Supplied data:

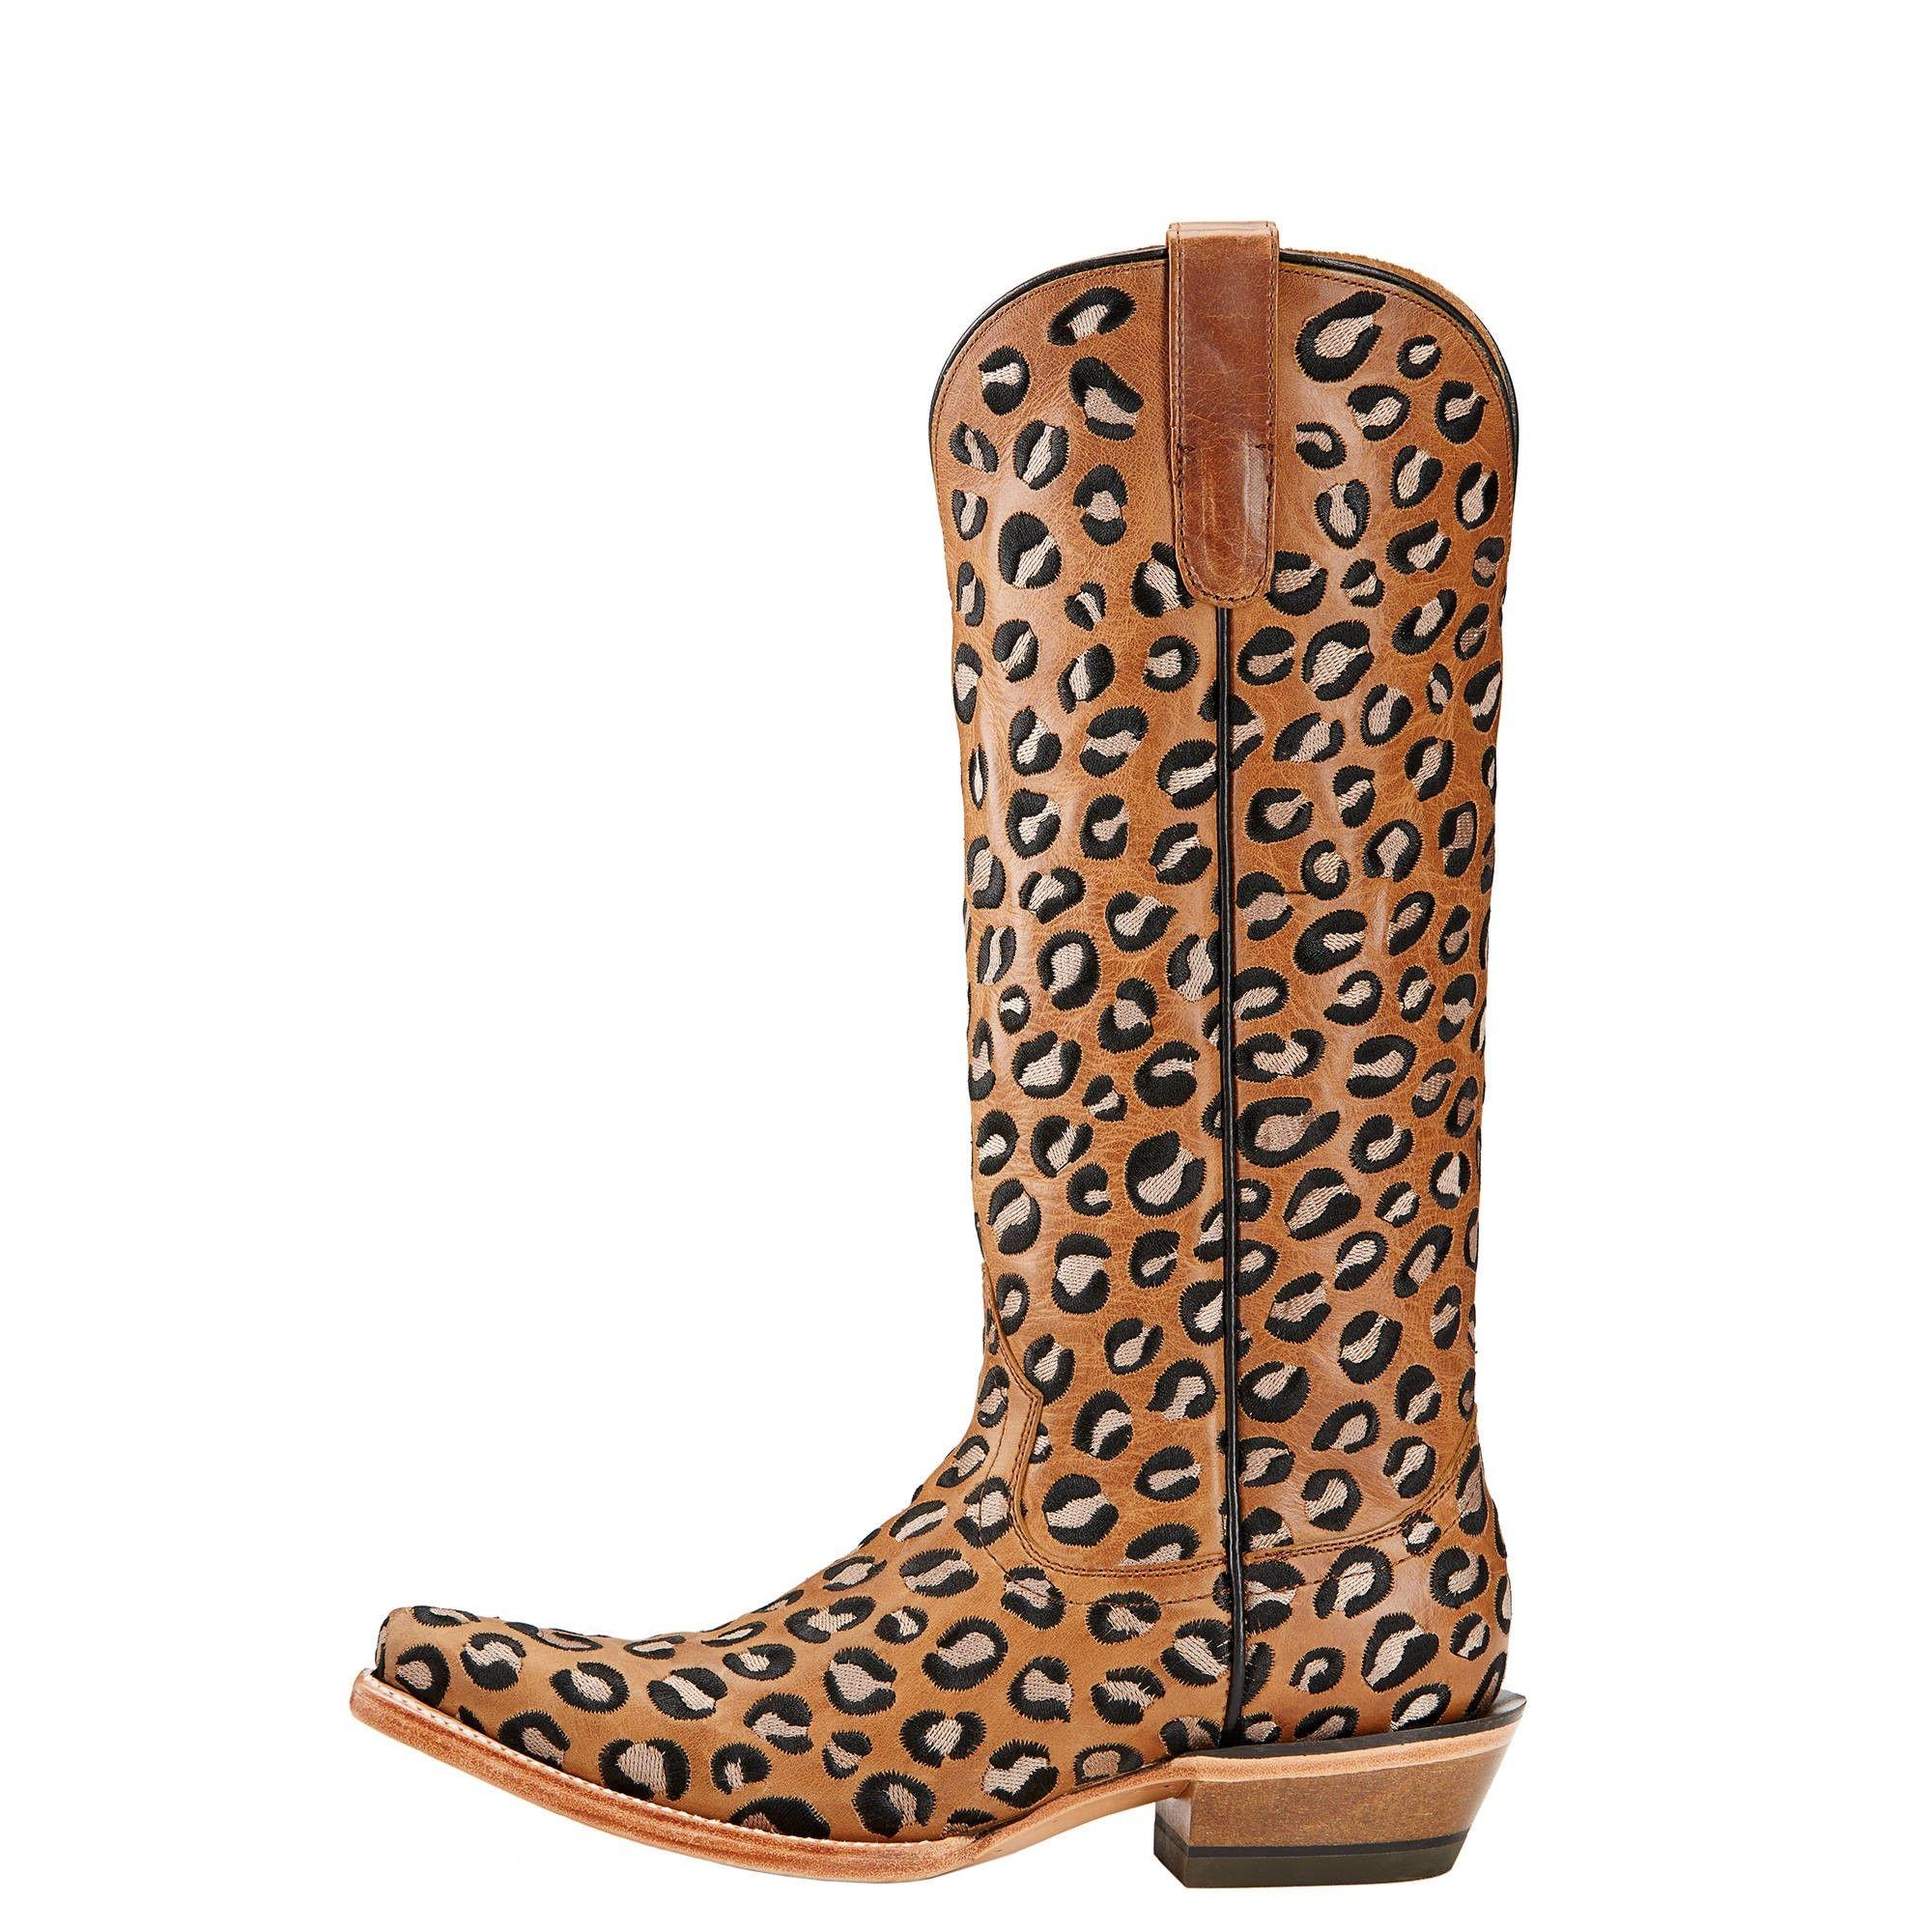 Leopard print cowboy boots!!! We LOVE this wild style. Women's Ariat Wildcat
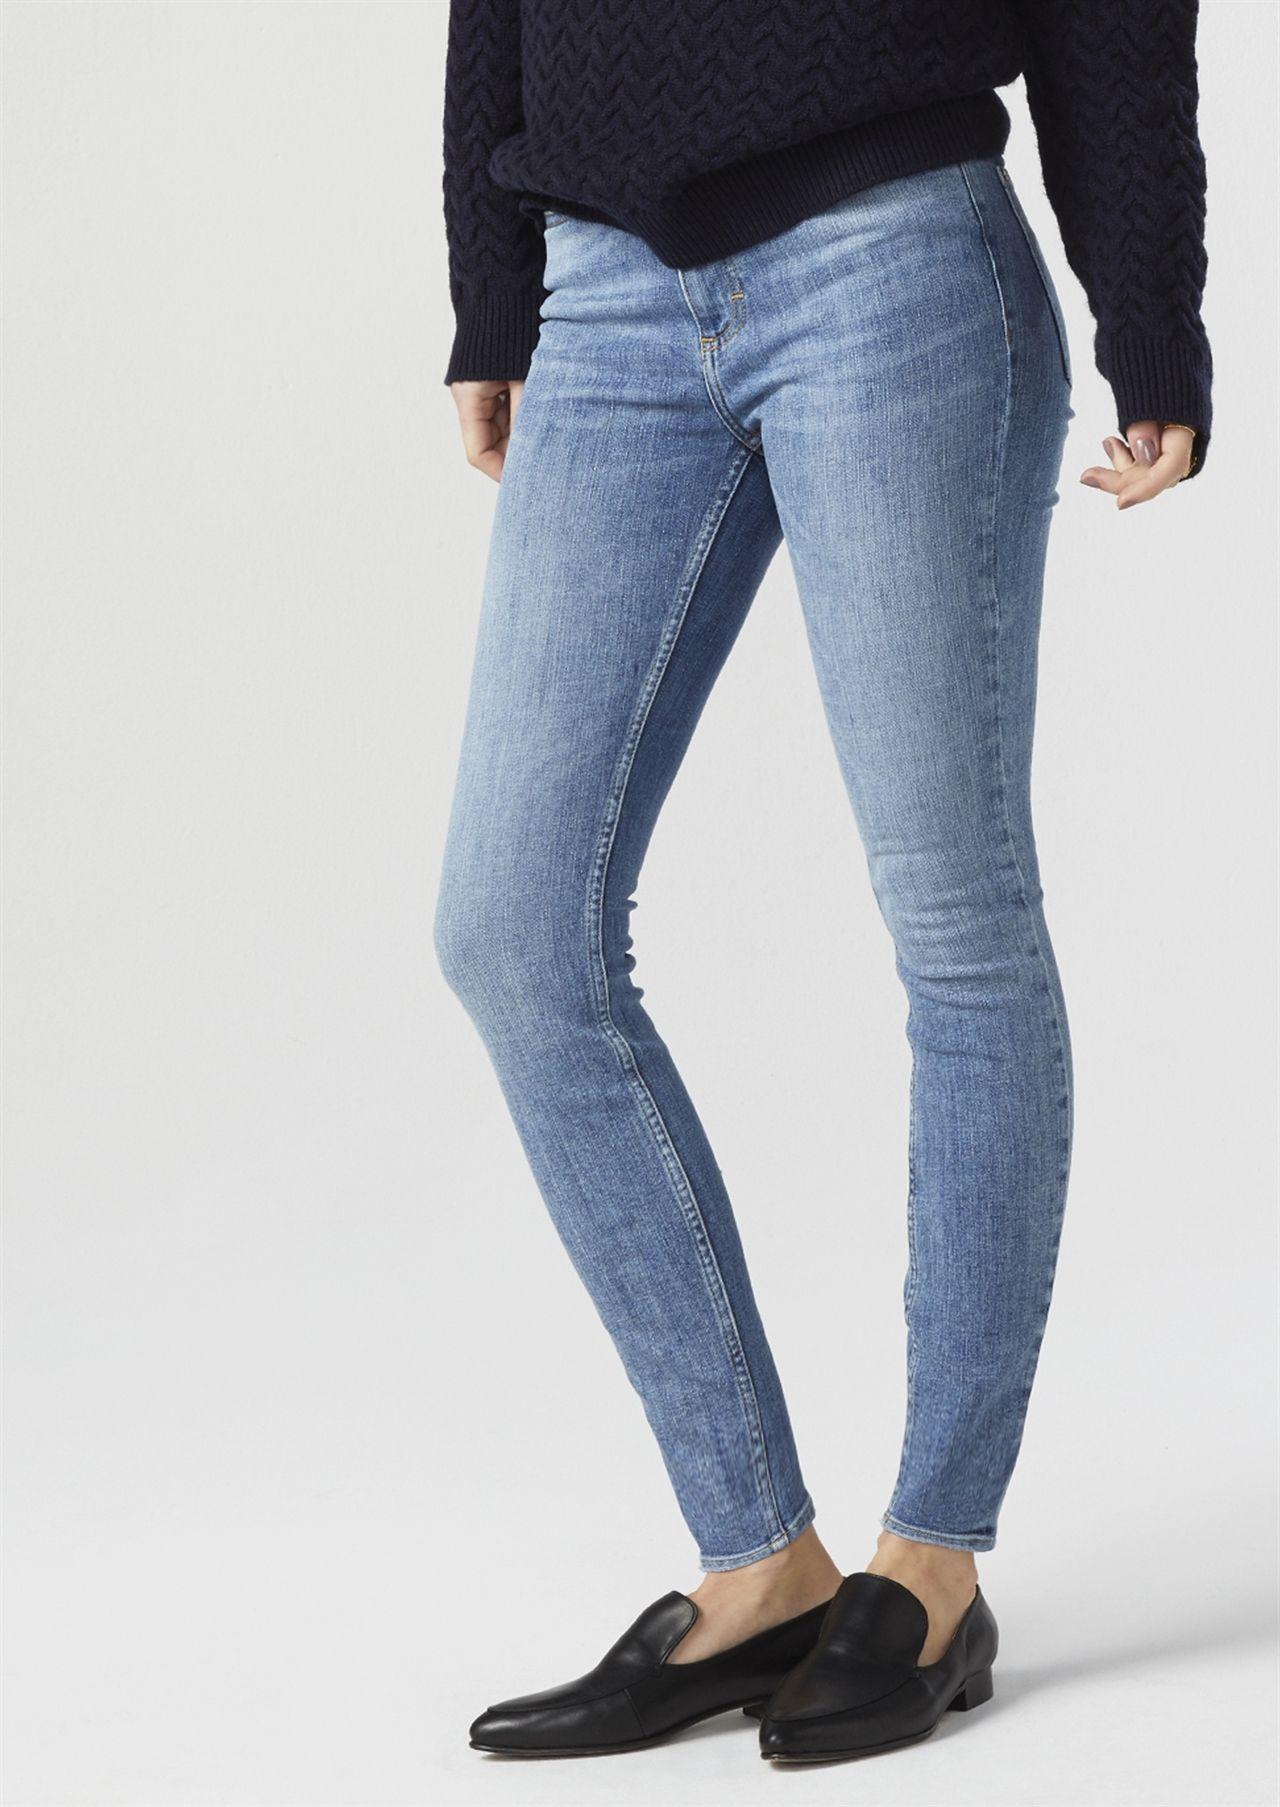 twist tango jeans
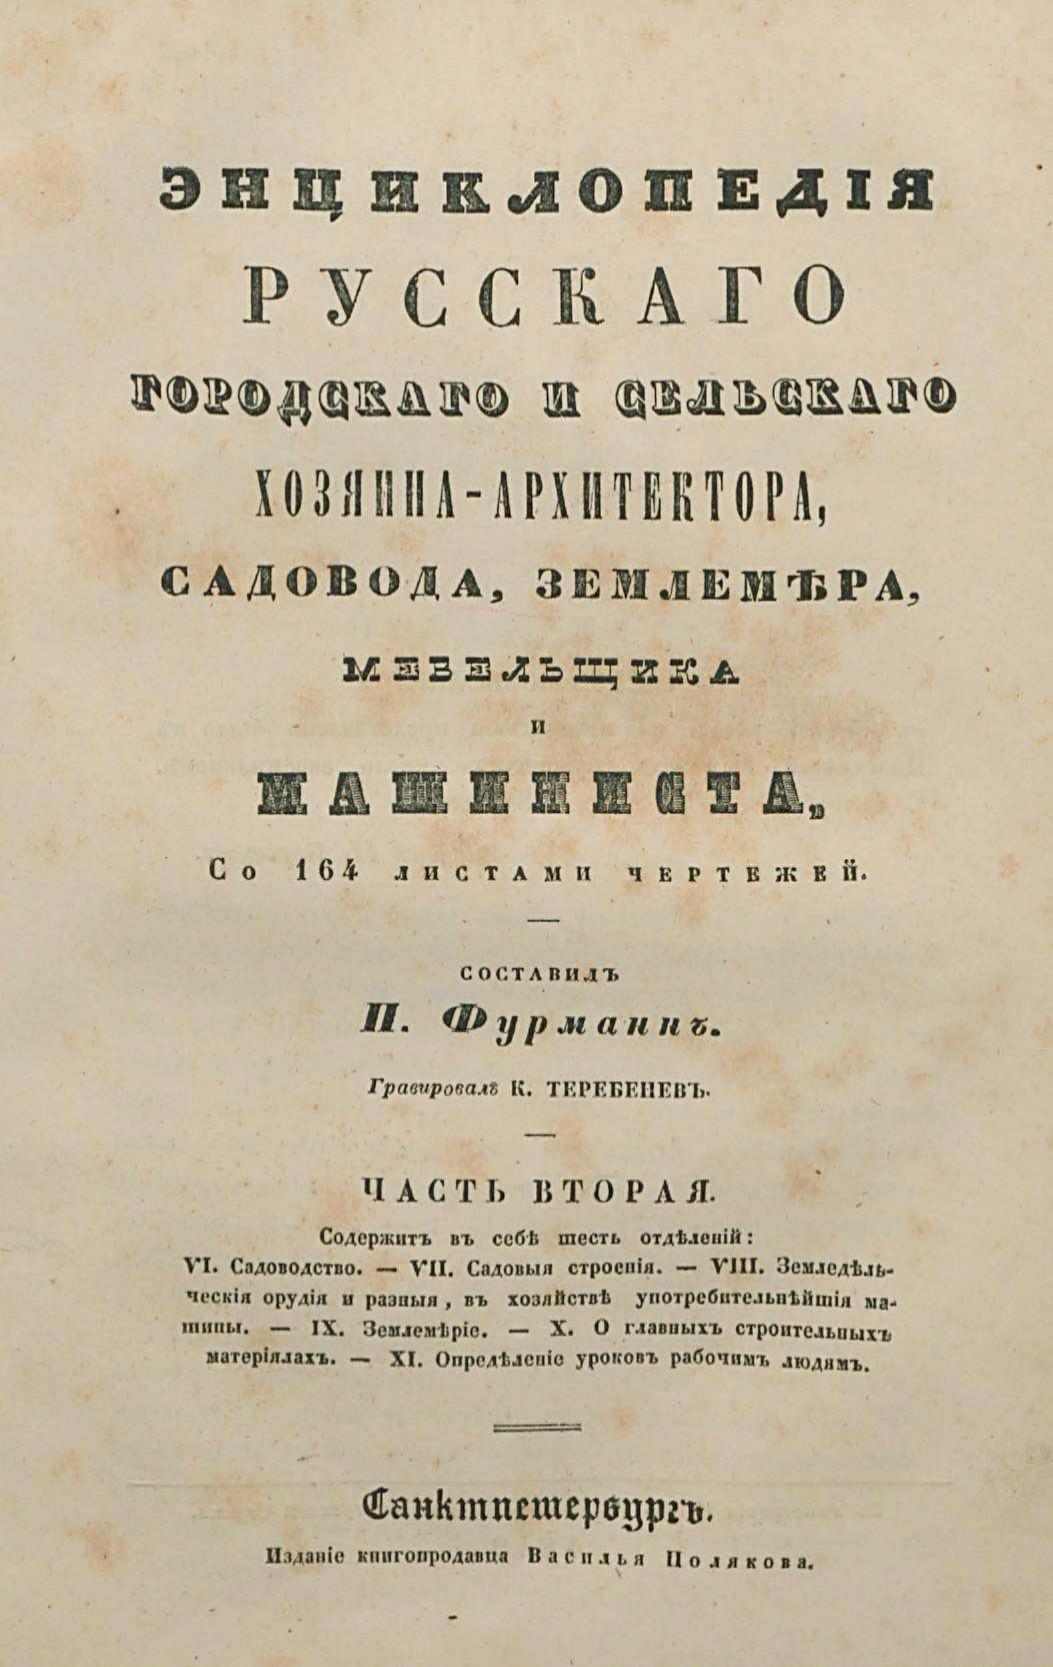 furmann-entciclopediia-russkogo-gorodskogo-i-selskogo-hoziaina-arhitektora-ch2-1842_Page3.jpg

Task to complete: The output must start at the line holding "twist tango jeans", end at the last line of the listing above, and show each line exactly; please omit all pictures.

Result:
 twist tango jeans
 furmann-entciclopediia-russkogo-gorodskogo-i-selskogo-hoziaina-arhitektora-ch2-1842_Page3.jpg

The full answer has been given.